The U.S. space agency will be looking for complete systems to ferry astronauts to the International Space Station by the middle of the decade — launchers, spaceships, mission operations and ground support, a draft solicitation released Monday shows.

This is a significant step forward in America's amazing story of space exploration, said NASA administrator Charles Bolden. It's further evidence we are committed to fully implementing our plan — as laid out in the Authorization Act — to outsource our space station transportation so NASA can focus its energy and resources on deep space exploration.

The $1.61 billion Integrated Design Contract (IDC) will run from July 2012 through April 2014, according to the draft released Monday.

This IDC effort will bring us through the critical design phase to fully incorporate our human spaceflight safety requirements and NASA's International Space Station mission needs, said NASA Commercial Crew Program Manager Ed Mango. We look forward to strong U.S. industry response.

Bolden also announced Monday at a speech to the Air Force Association's 2011 Air and Space Conference that NASA will fund optional milestones pre-negotiated as part of some of the original CCDev2 Space Act Agreements (SAA) to help accelerate development.

President Barack Obama has allotted $850 million for the Commercial Crew, whereas the Senate Appropriations Committee offered $500 million last week.

Since the U.S. shuttle program retired last month, the Russian space agency has become the only way for transporting supplies to the space for American astronauts.

NASA is paying the Russian space agency, Roscosmos, around $1 billion to fly Americans on these rockets for the next four years.
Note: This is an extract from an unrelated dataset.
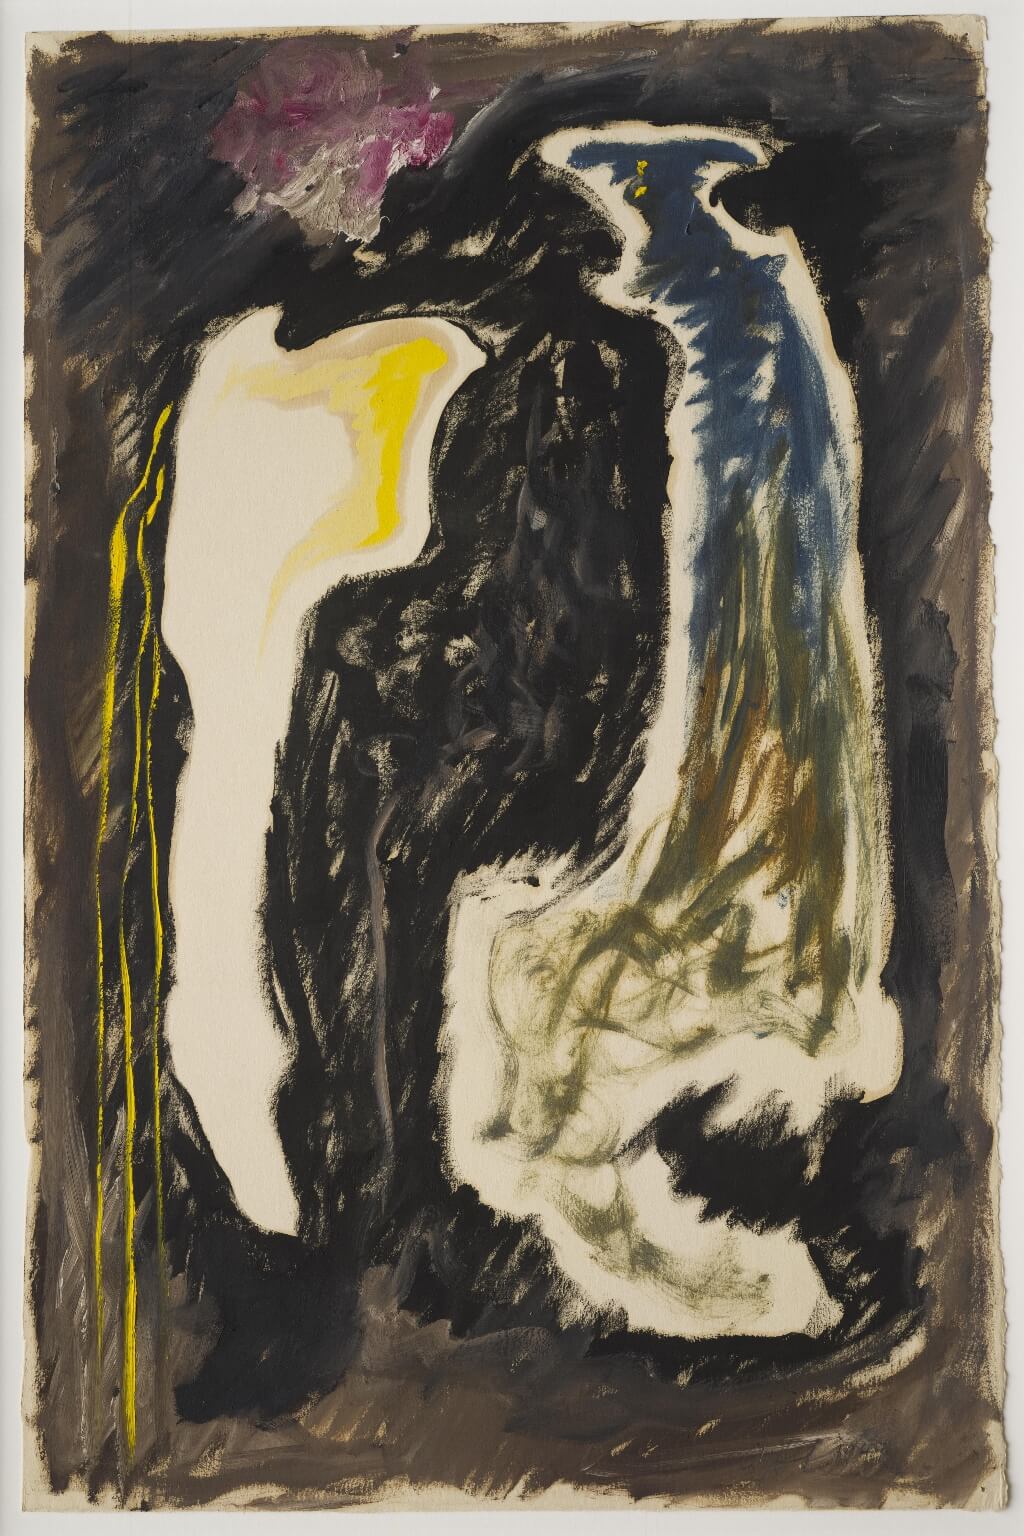 Abstract oil painting on paper with two figures that seem to interact with each other with black, brown, and yellow background and one figure is white and yellow while the other is green and blue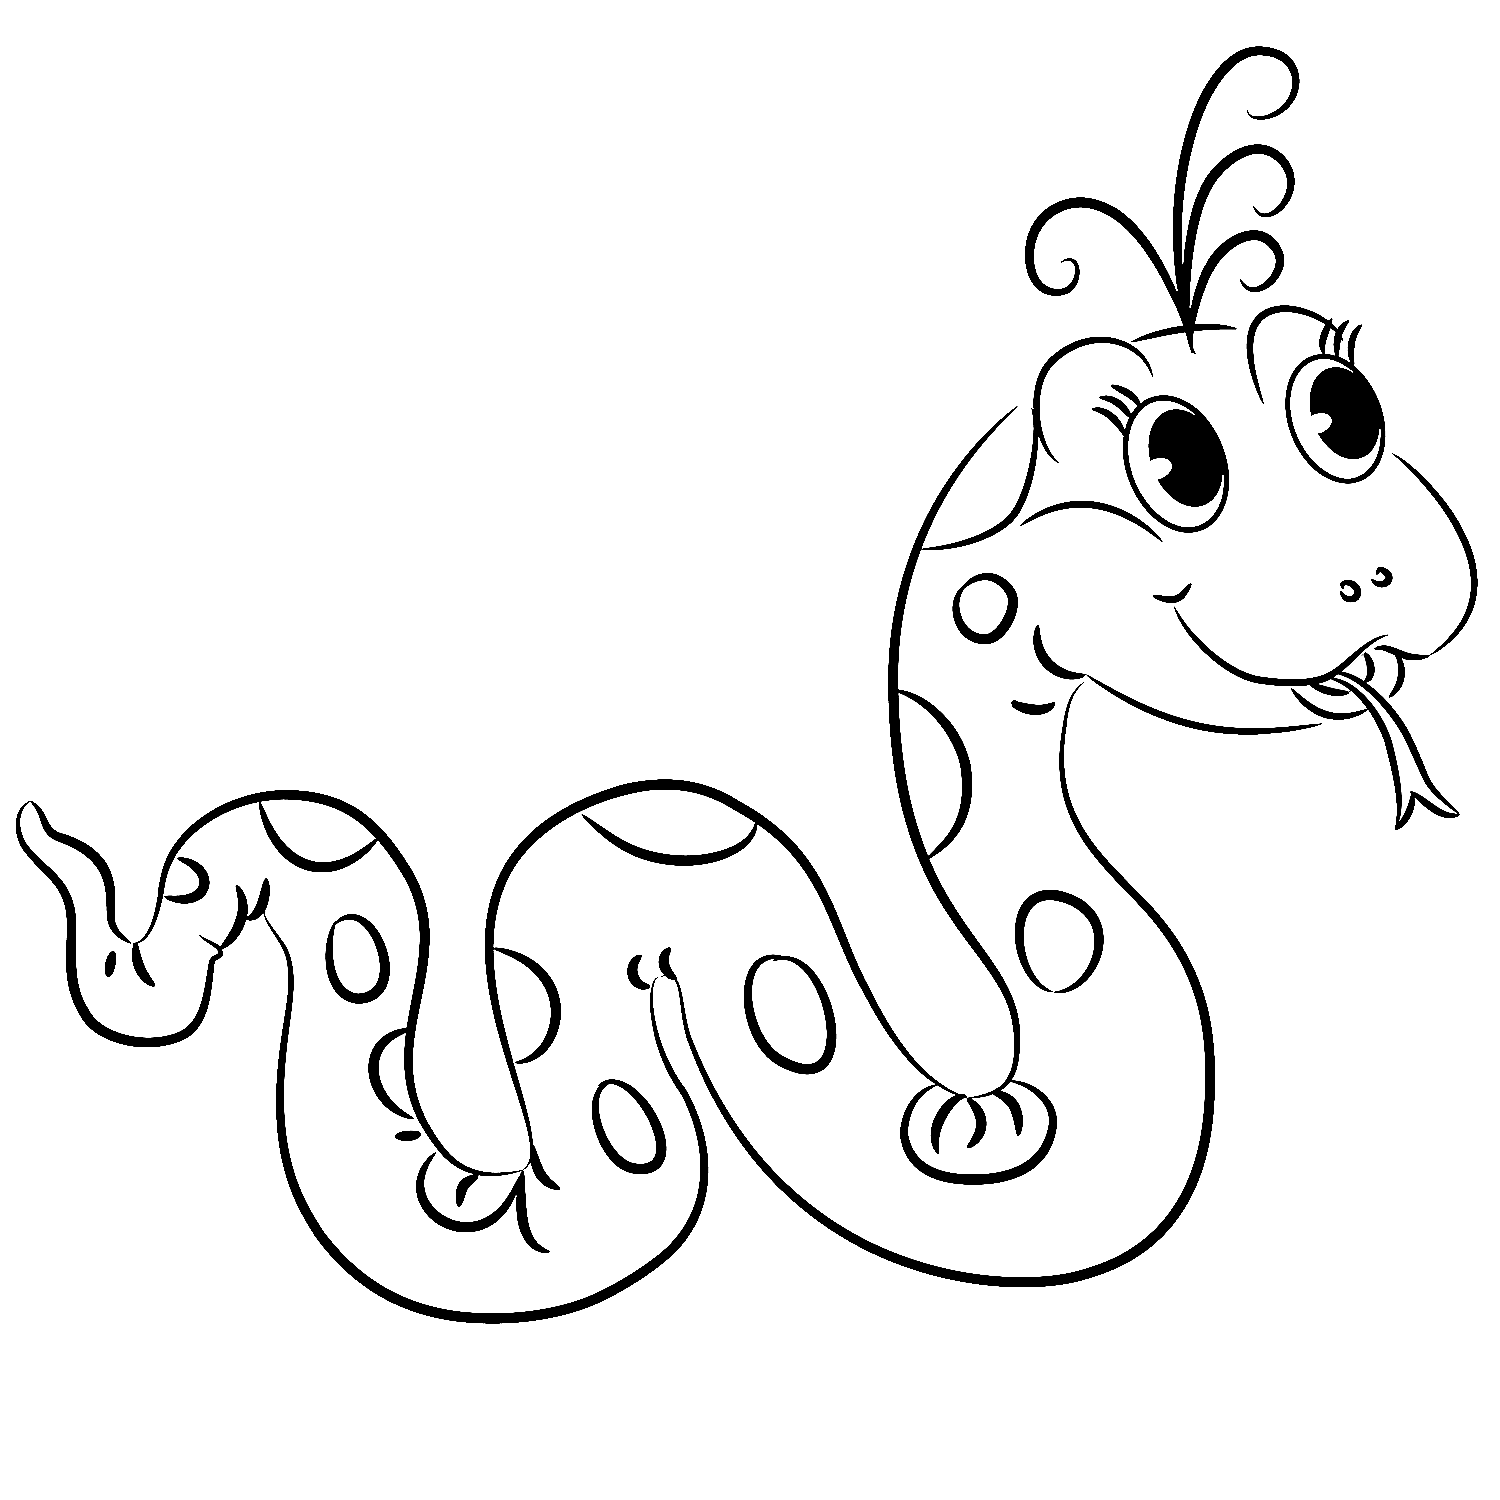 snake coloring sheet snake coloring pages free for children snake coloring sheet

An unmanned Russian spacecraft carrying three tons of food, fuel and water for the International Space Station crashed about five minutes after it was launched on Aug. 24, NASA officials said.

The next Progress cargo ship will fly to the ISS after late September or early October, said Gennady Raikunov, head of Russia's Central Scientific Research Institute of Machine Manufacturing.

Right now, we have a single-string failure for a $100 billion national lab,'' Nasa's commercial spaceflight development director, Phil McAlister, said at an industry briefing in Florida, referring to the reliance on one option to transport crew to the space station.

Every year we do not have a commercial crew capability, the station is at risk,'' he said.